Could you repeat every entry below word for word, leaving out the pictures?

▸ **SUPPLIED INFORMATION**
- - -

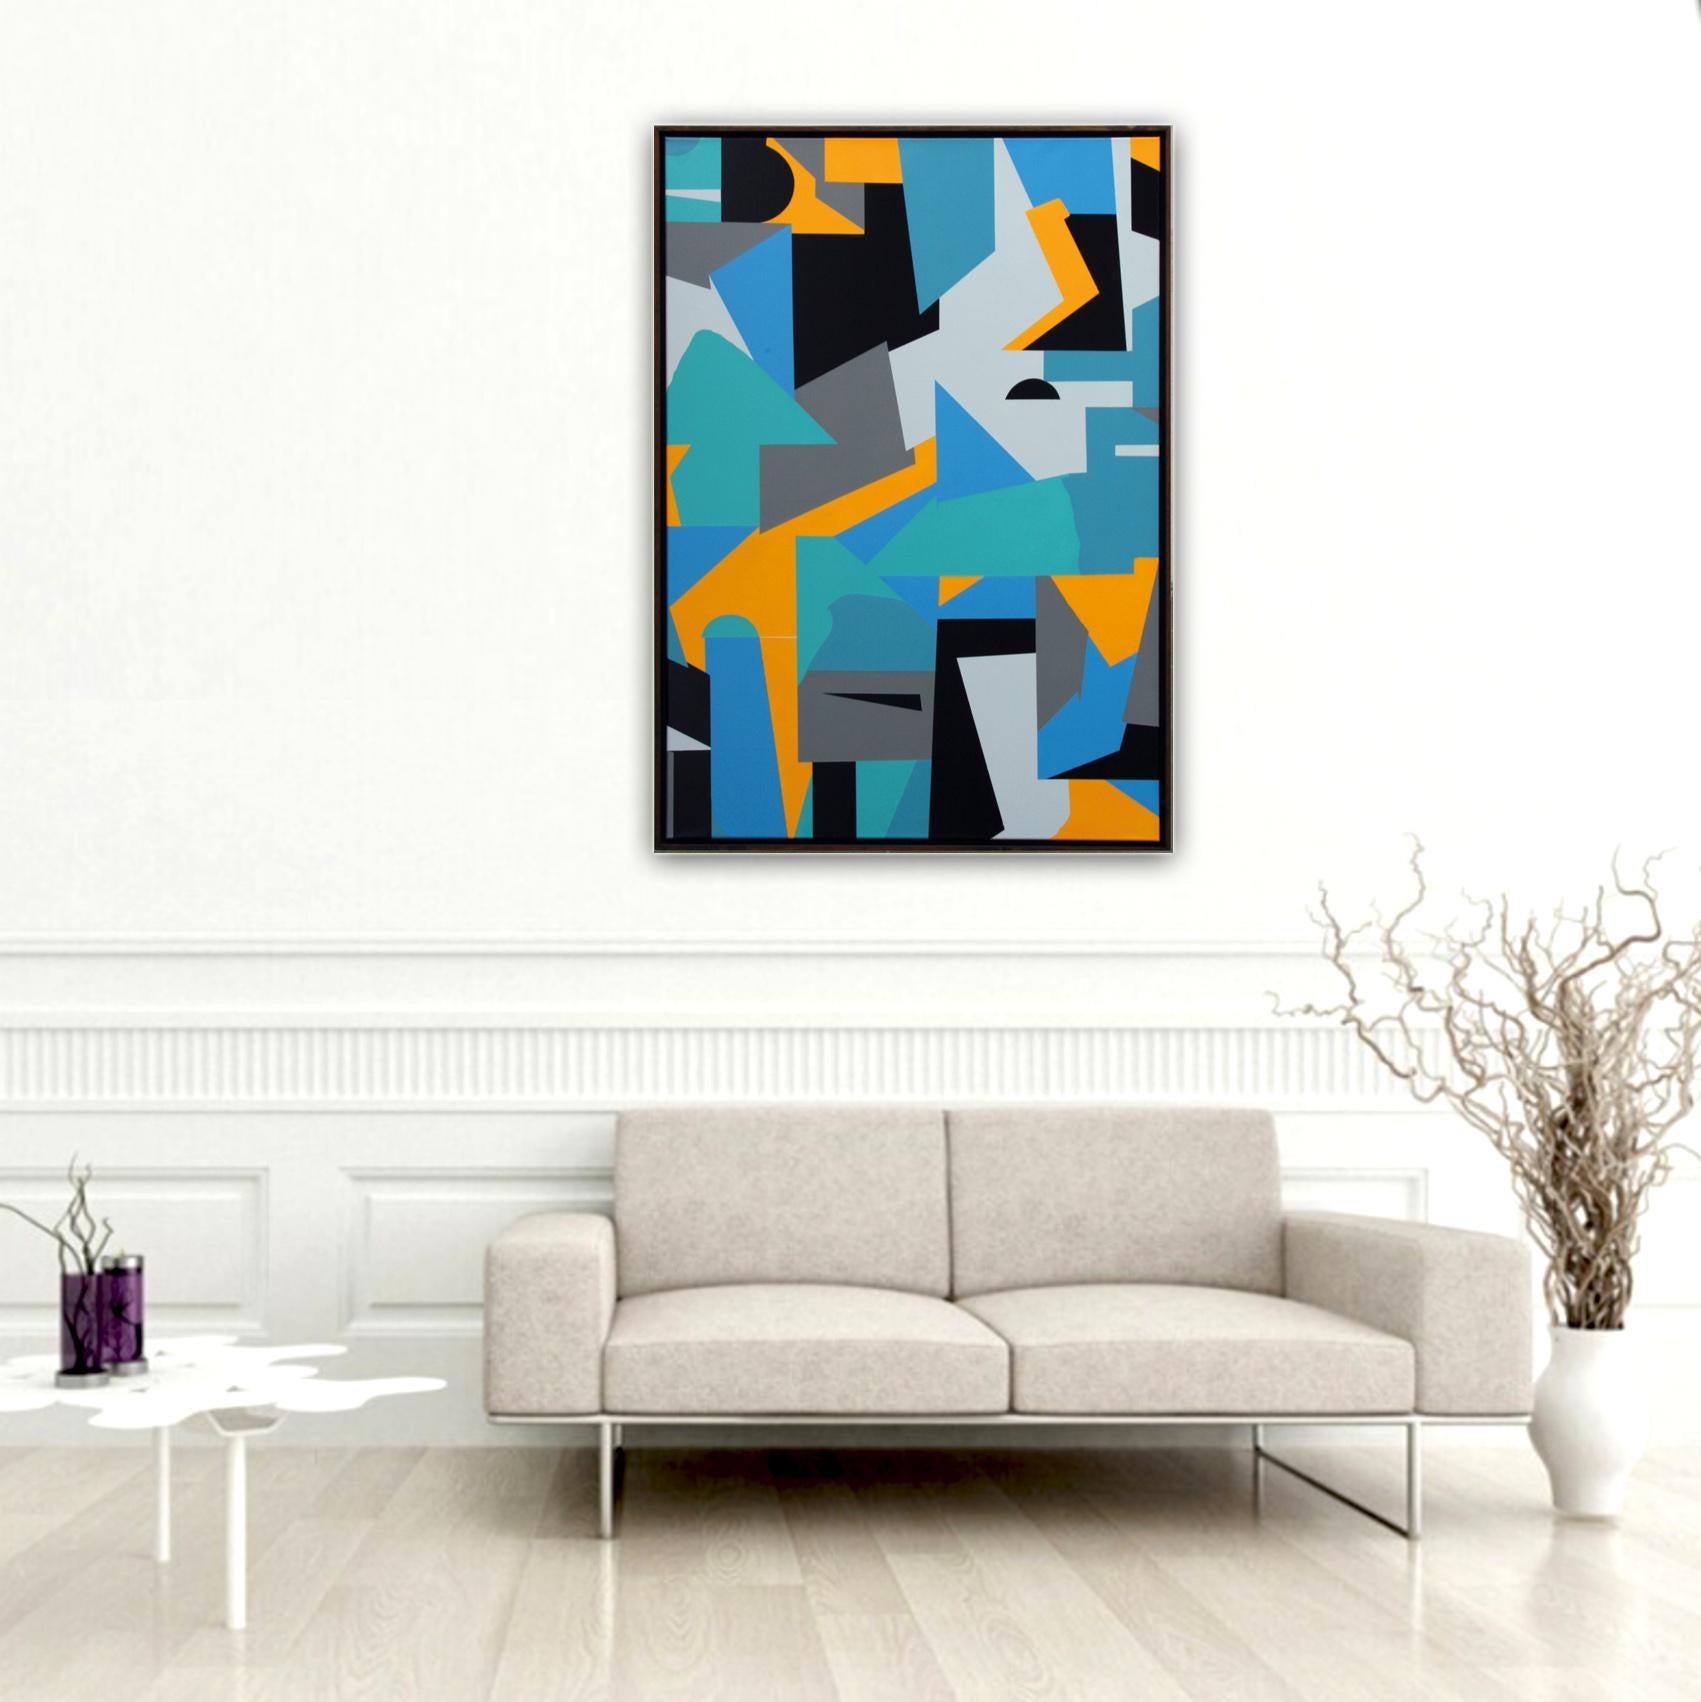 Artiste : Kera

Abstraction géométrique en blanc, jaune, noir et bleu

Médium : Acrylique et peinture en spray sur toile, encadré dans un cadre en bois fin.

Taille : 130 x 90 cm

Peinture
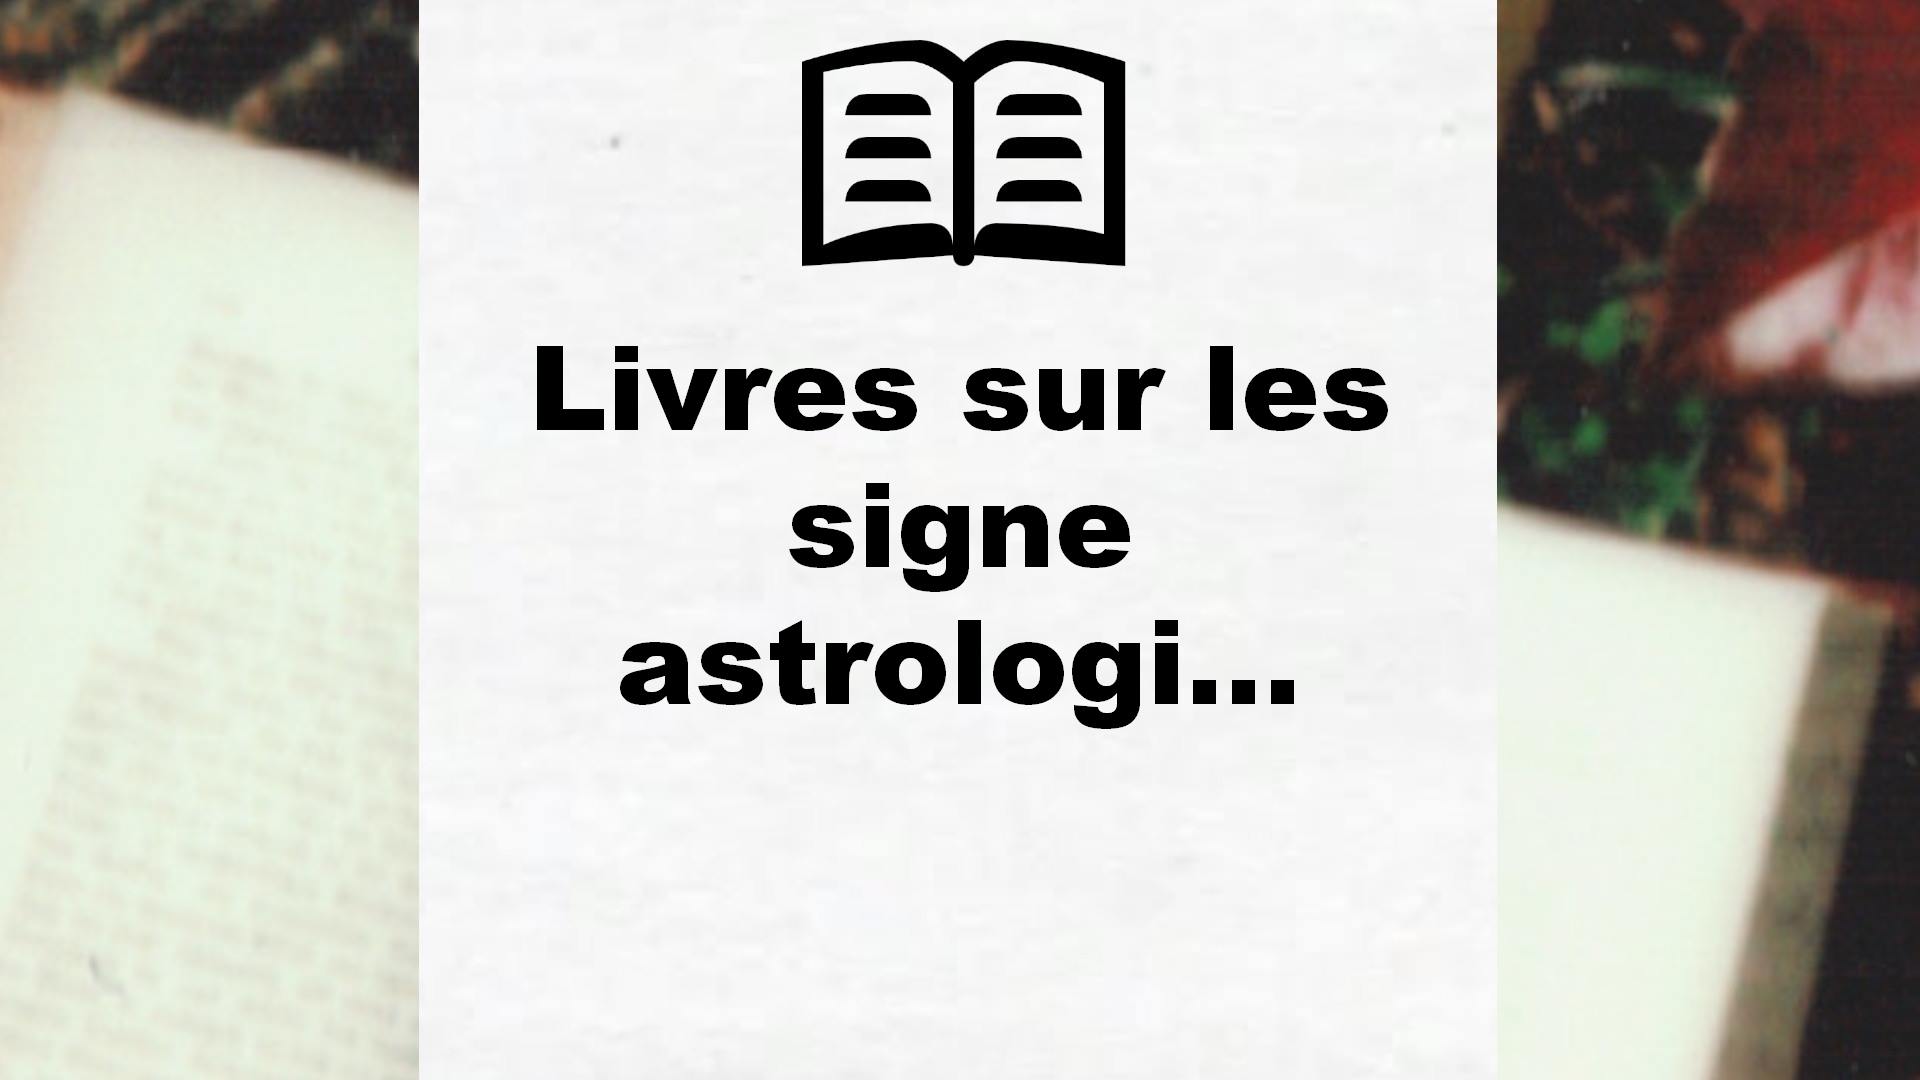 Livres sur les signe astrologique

- - -

▸ **TASK RESULT**
 Artiste : Kera

Abstraction géométrique en blanc, jaune, noir et bleu

Médium : Acrylique et peinture en spray sur toile, encadré dans un cadre en bois fin.

Taille : 130 x 90 cm

Peinture
 Livres sur les signe astrologique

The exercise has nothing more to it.